People were talking, they were telling stories about this man. Stories about miracles were flashing
through the villages. Jesus had a way of attracting desperate people and he had a way of loving
desperate people. The woman who comes to Jesus in desperation in today’s Gospel is a gentile, a pagan,
from what is now Lebanon. She is not a Jew. She has no “right” to approach a rabbi, a teacher of the
Jewish faith. But she is desperate, maybe she has tried every pagan god already and gotten no relief and
so because her child’s life is in the balance she pushes her way into a place where she does not belong.
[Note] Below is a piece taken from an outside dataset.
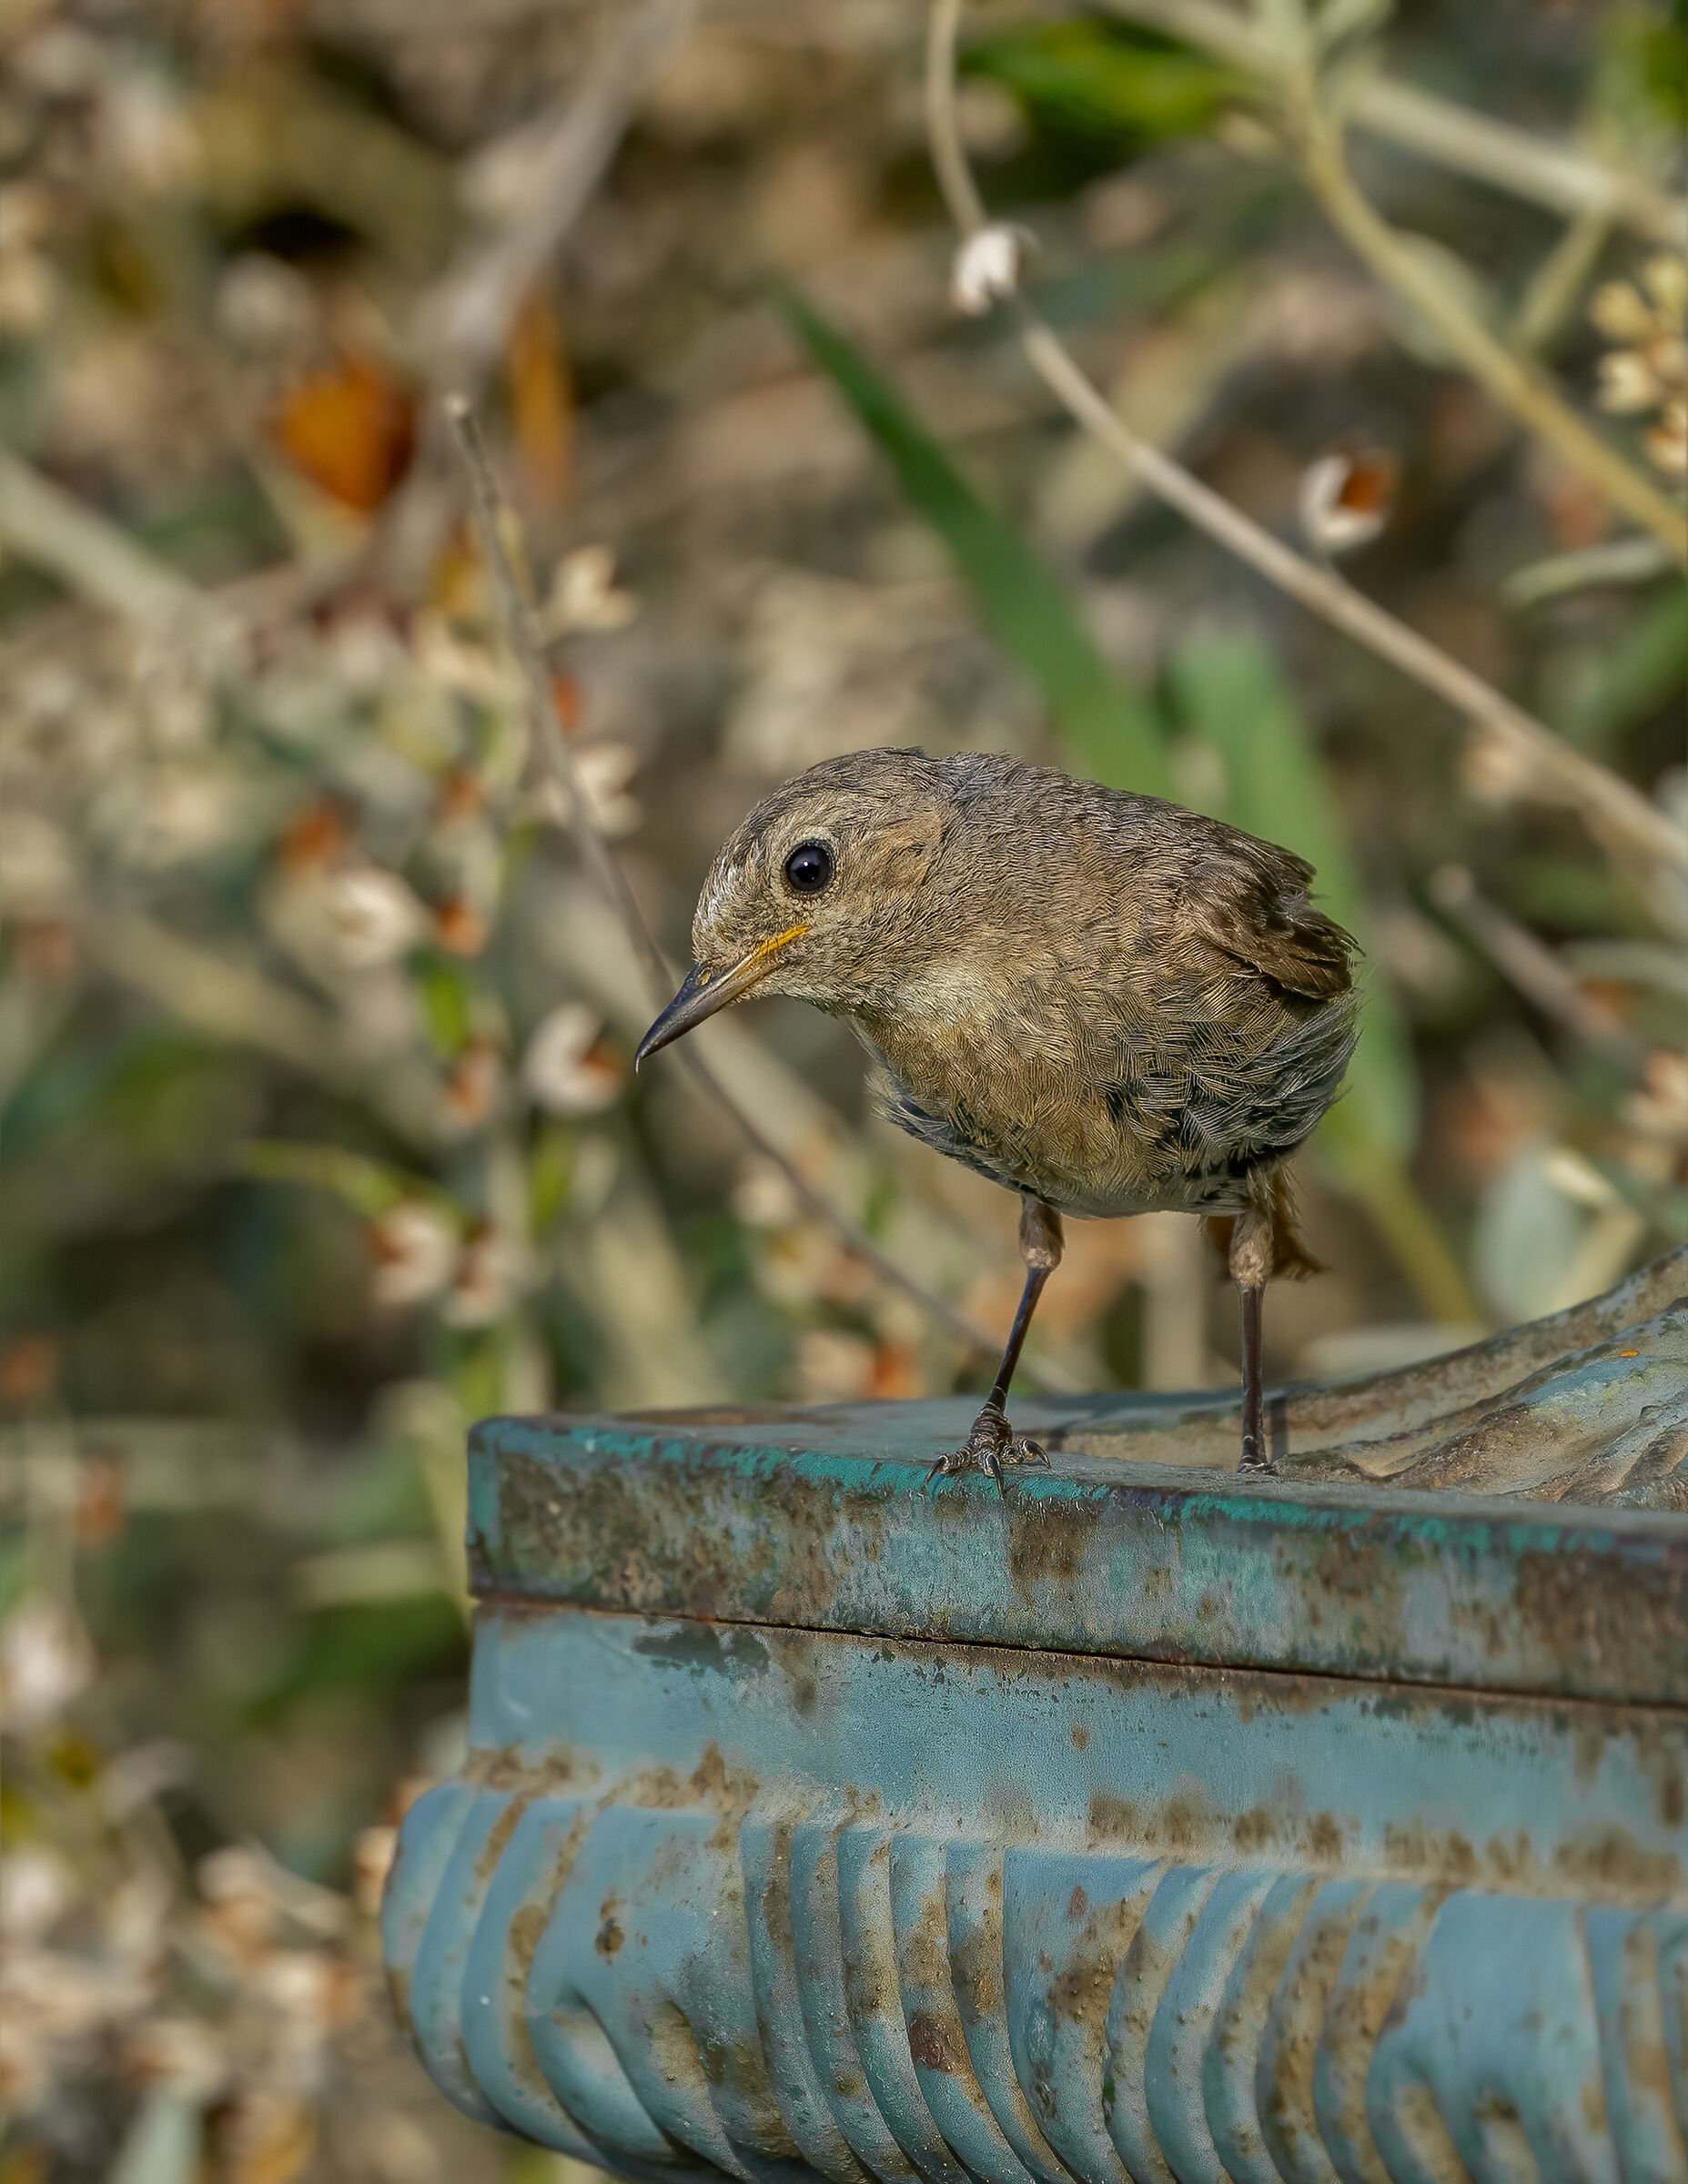 Young Redstart over a drinking fountain ...

And at first Jesus says, NO. He is exhausted; he has been trying to find a place to get away from the
demands of the people. His mission is to Israel and to the Jews not to some poor and worthless gentile
who knows nothing of the faith. And yet, Jesus allows himself to be corrected, to be reminded, “Even
the dogs get the crumbs from the children’s table.” And in this you and I are reminded who this person,
Jesus is, who he “really is.” You and I, gathered together here this morning, are mostly not desperate
people. We are not at the end of our rope, and in need of a miracle. We are mostly the rich and the
privileged and we are reminded by this story that we have a calling if we are to be followers of this
Jesus, who we haven’t known in his earthly life, but who we have heard about, learned about and
admired because of who he REALLY was as he lived his life. This story reminds us who we are REALLY
meant to be. The whole world got this lesson this week in the image of a tiny dead toddler on a far off
beach in a country that most of us will never see. In that picture, despite all the news of all the horrific
things that have happened this summer in the middle east and Europe we are stopped in our tracks,
somewhat like Jesus was, and we remember. We saw on the news cast the different responses from
Hungry and from Germany and from our different political leaders here in Canada. Which one of us
didn’t want to be like the Austrian people holding up signs saying “Welcome to Austria.” People who
handed out candy and food and warm clothes? We ARE a compassionate people and we just need to be
reminded sometimes of that reality. We don’t need to feel guilty that we sometimes forget this, Jesus
forgot as well – if only momentarily. We at our heart want to be all that God would have us be. We want
to be known for the good we do and not for those times when we slip back into selfishness and “rich
people” mode. We can do and be so much more than we are and our faith community is a reminder of
that as well. We don’t do it alone, we have each other, we have God and we have the knowledge that
we are all equally loved and cared for by God – no matter who we are. We just need to keep striving
forward to live up to the name we have as followers of Christ.
Pray with me:
Compassionate God, help us also, in our times of comparative comfort and contentment, to notice and
embrace others whose needs may be greater and whose desperation may be deeper than ours.
Preserve us from drawing boundaries and limits to your love. Stir up in us and in our church a willingness
to reach out to those on the margins, the defeated and the desperate, showing them in word and in
deed that your love is more than enough; your love is a miraculous sign of God with us.